## WORK TO BE COMPLETED
Could you retype the whole listing word for word and drop the images?

## GIVEN DATA
========================================================================
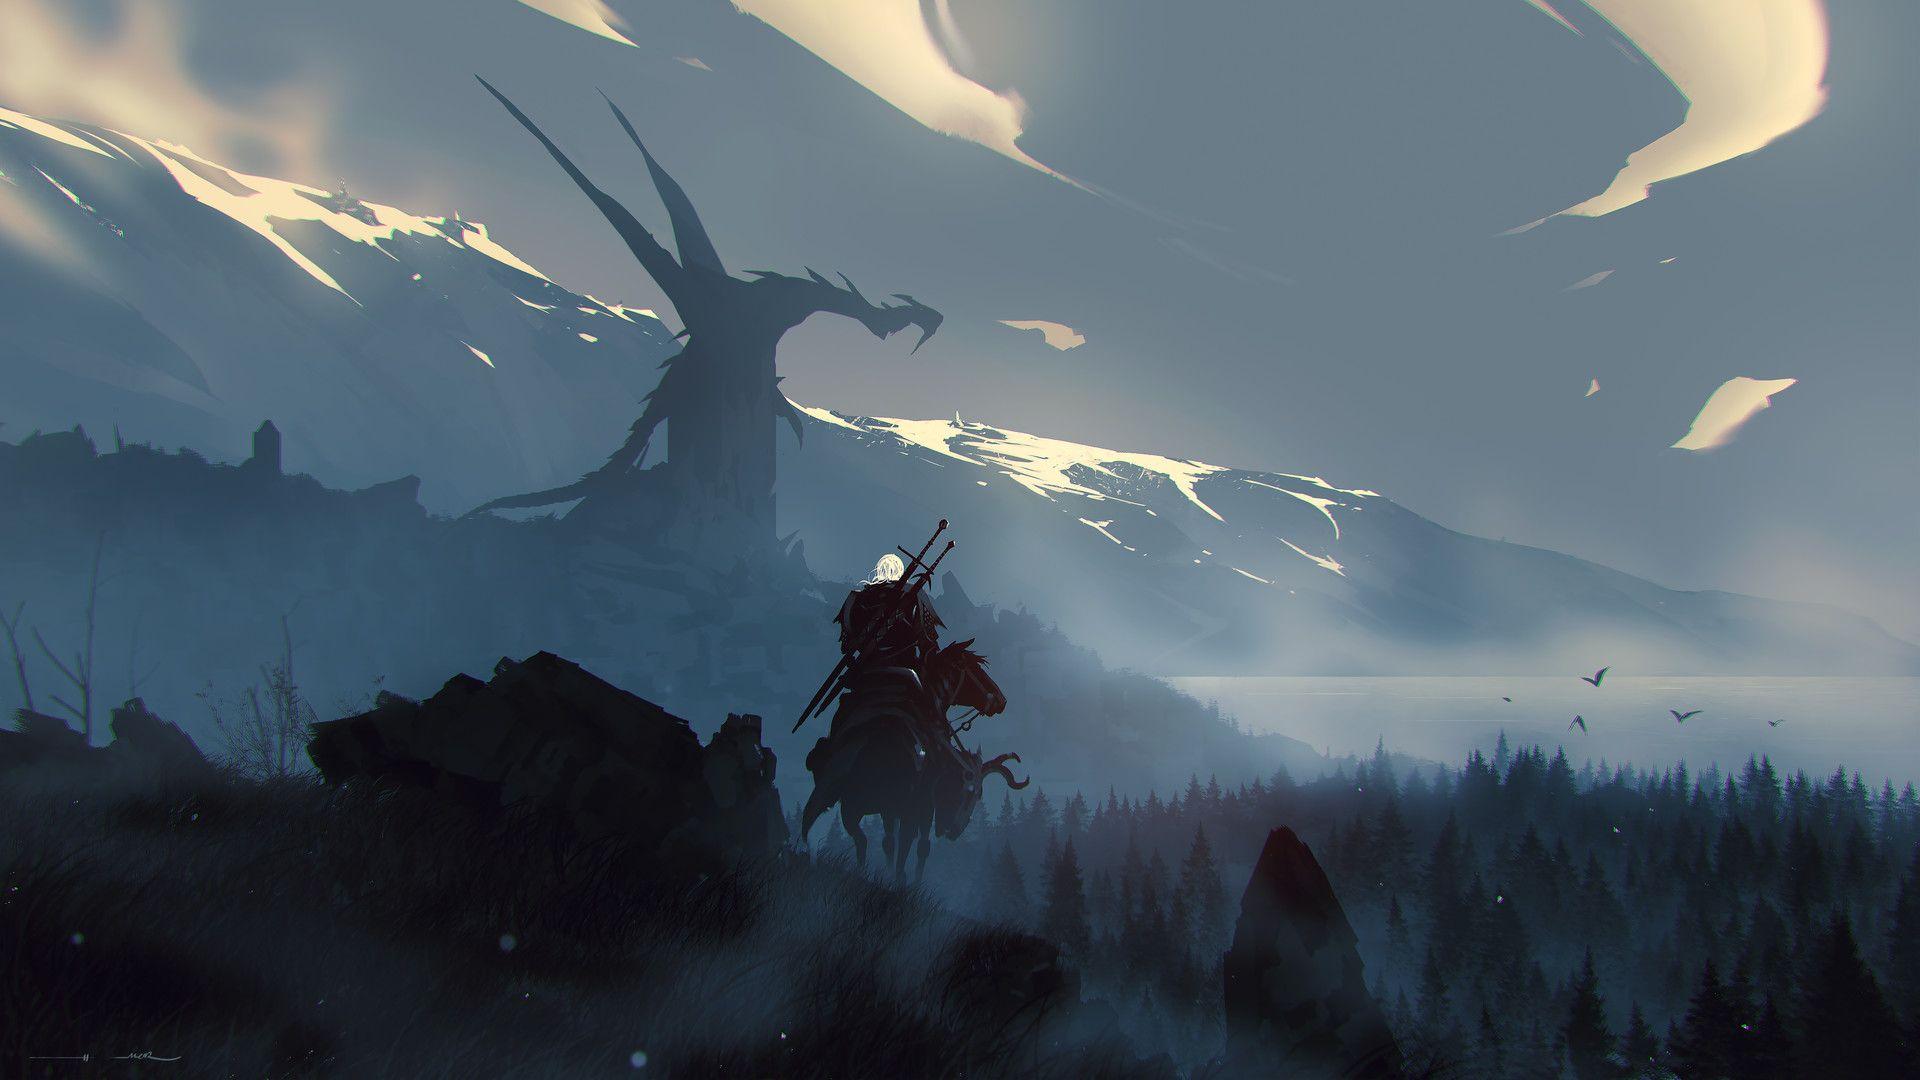 Geralt The Witcher (By ömer tunç)[1920×1080] Фэнтези
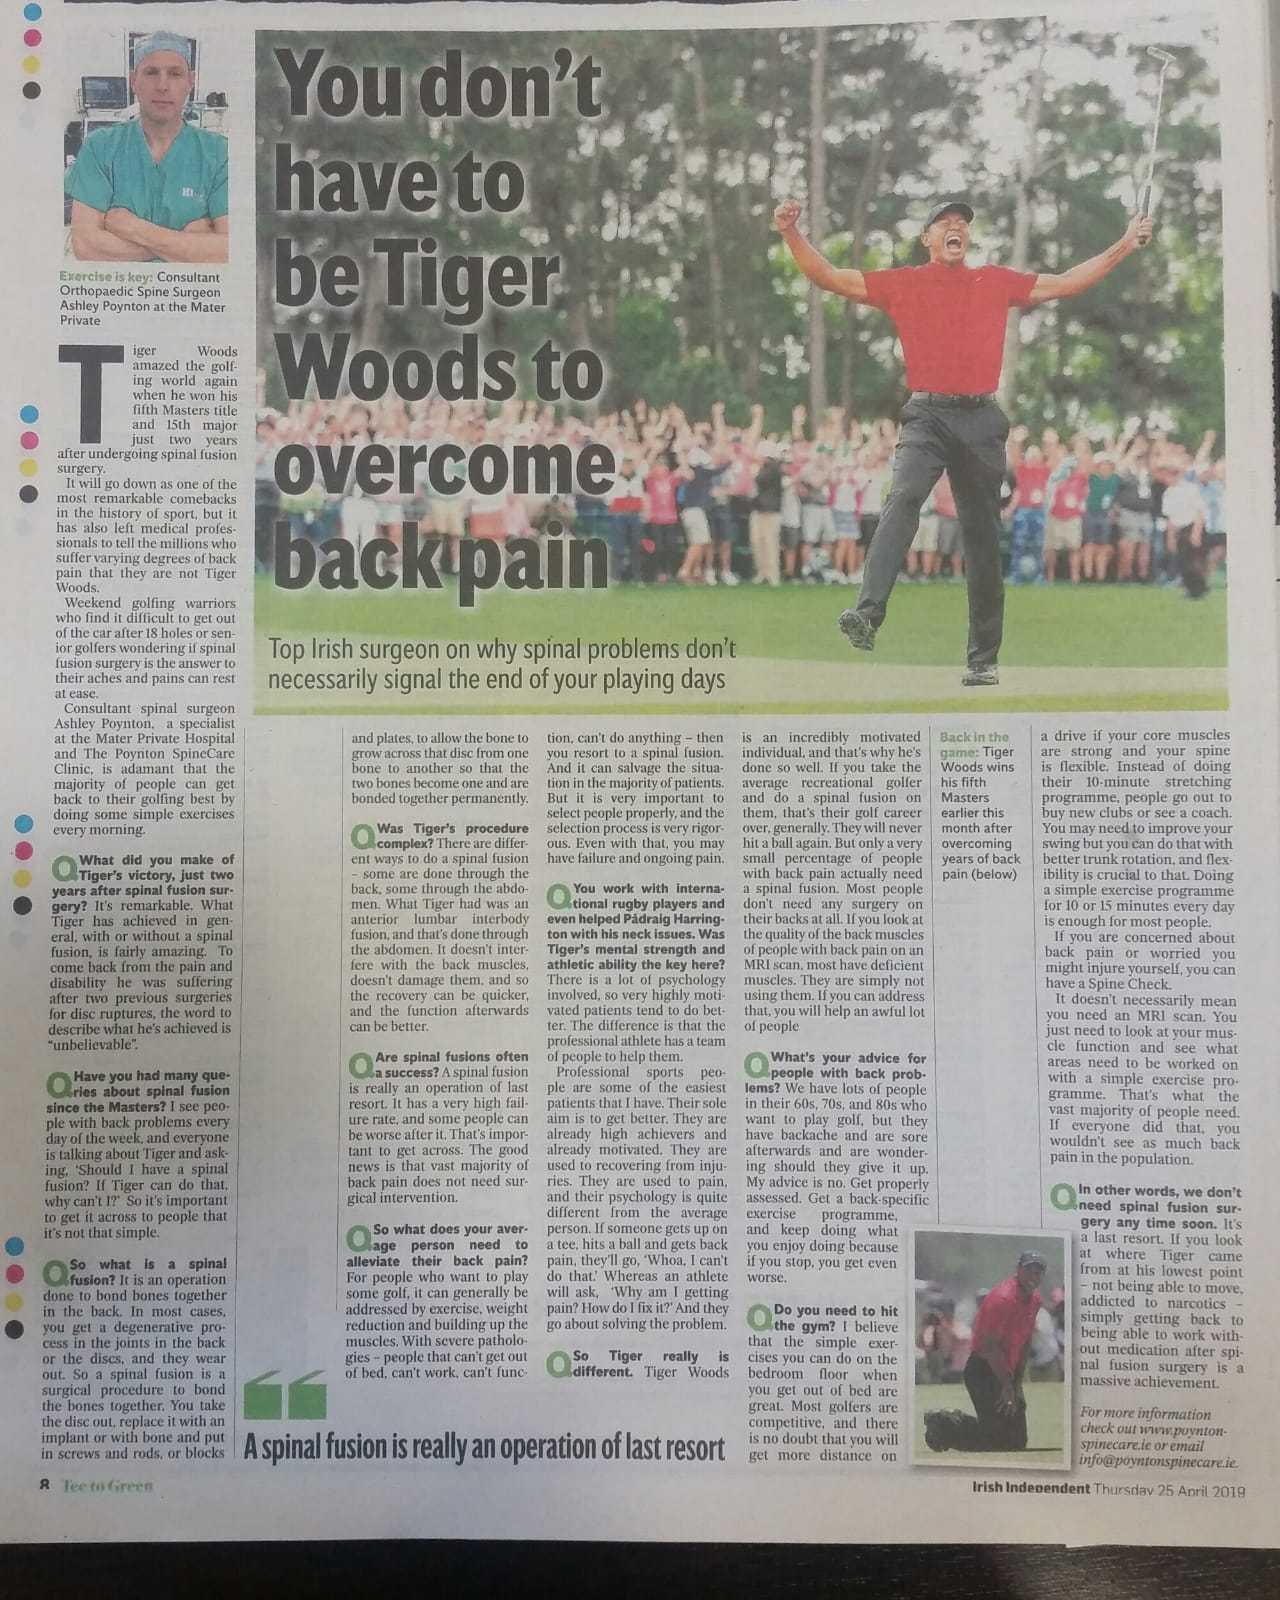 Irish Independent Golf Supplement Interview re Spinal Fusion
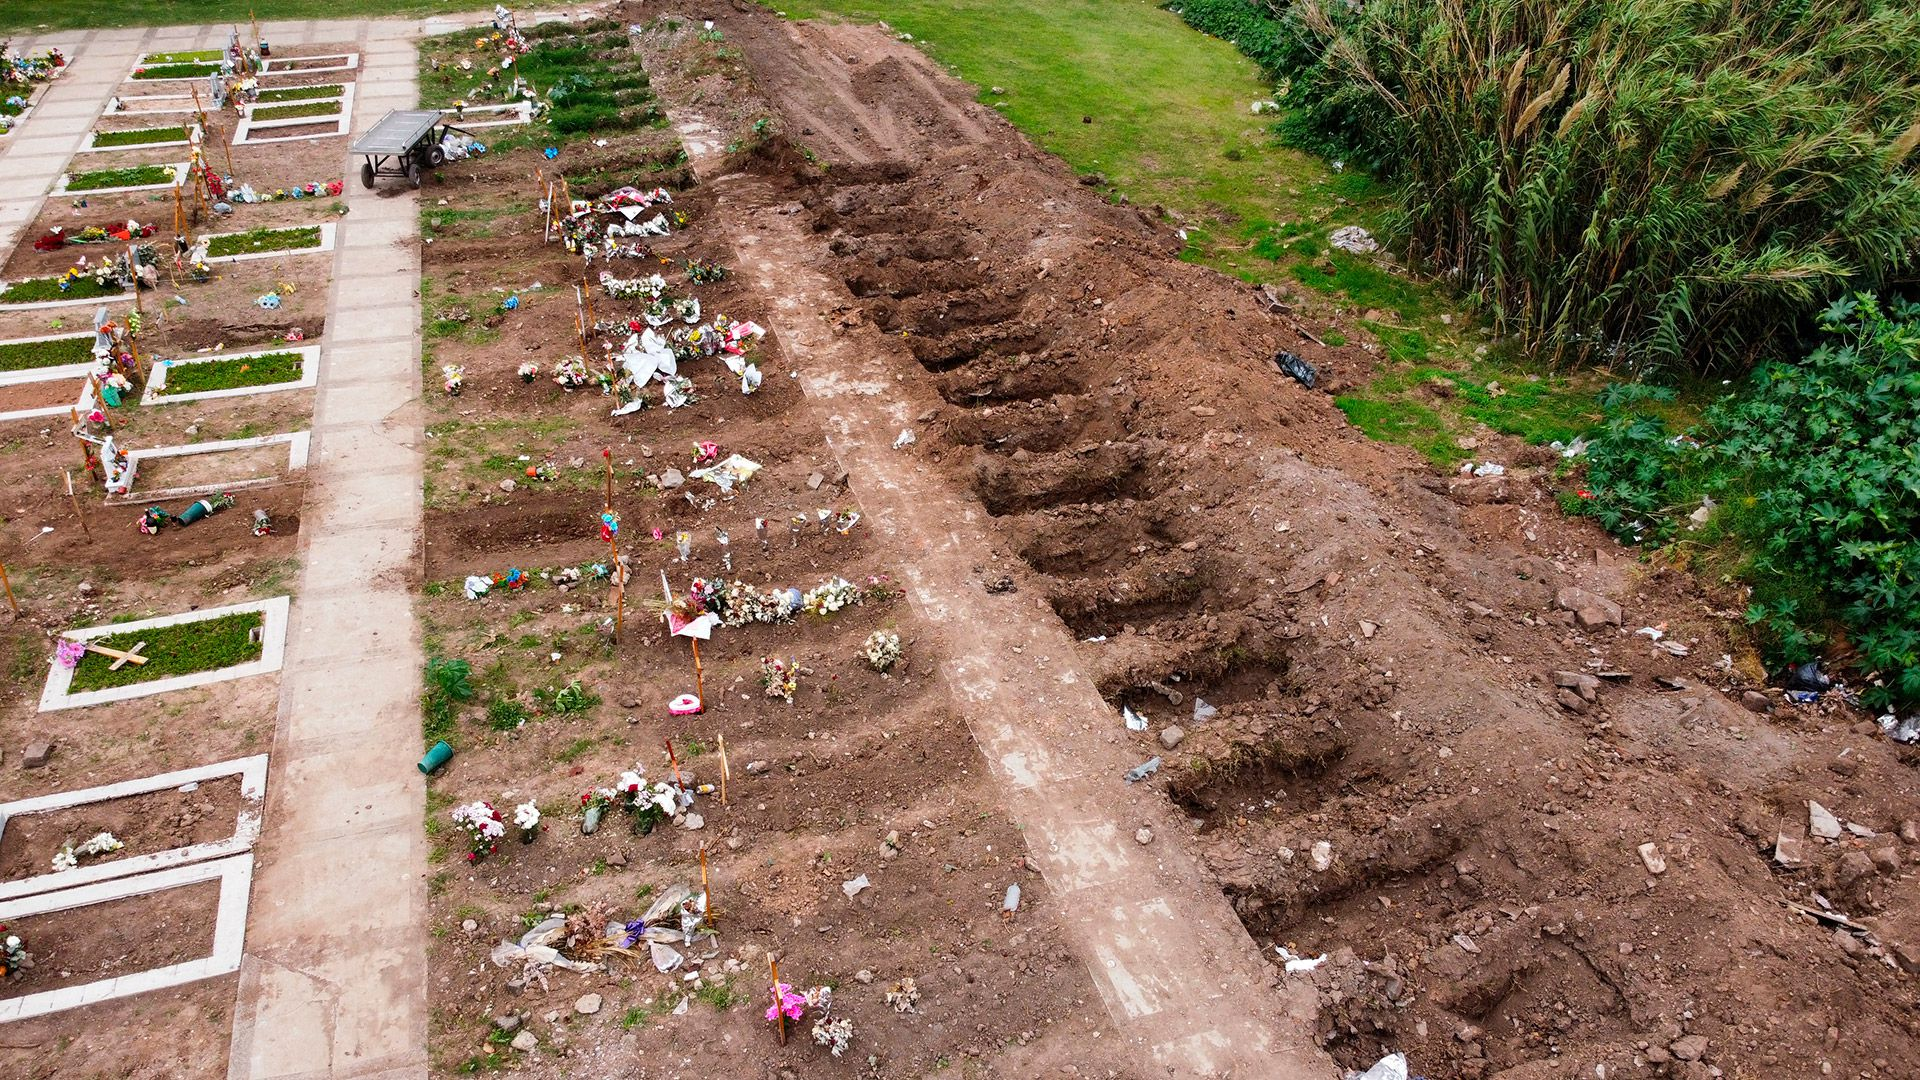 tumbas cementerio bajo flores covid 19
========================================================================
## TASK RESPONSE
 Geralt The Witcher (By ömer tunç)[1920×1080] Фэнтези
 Irish Independent Golf Supplement Interview re Spinal Fusion
 tumbas cementerio bajo flores covid 19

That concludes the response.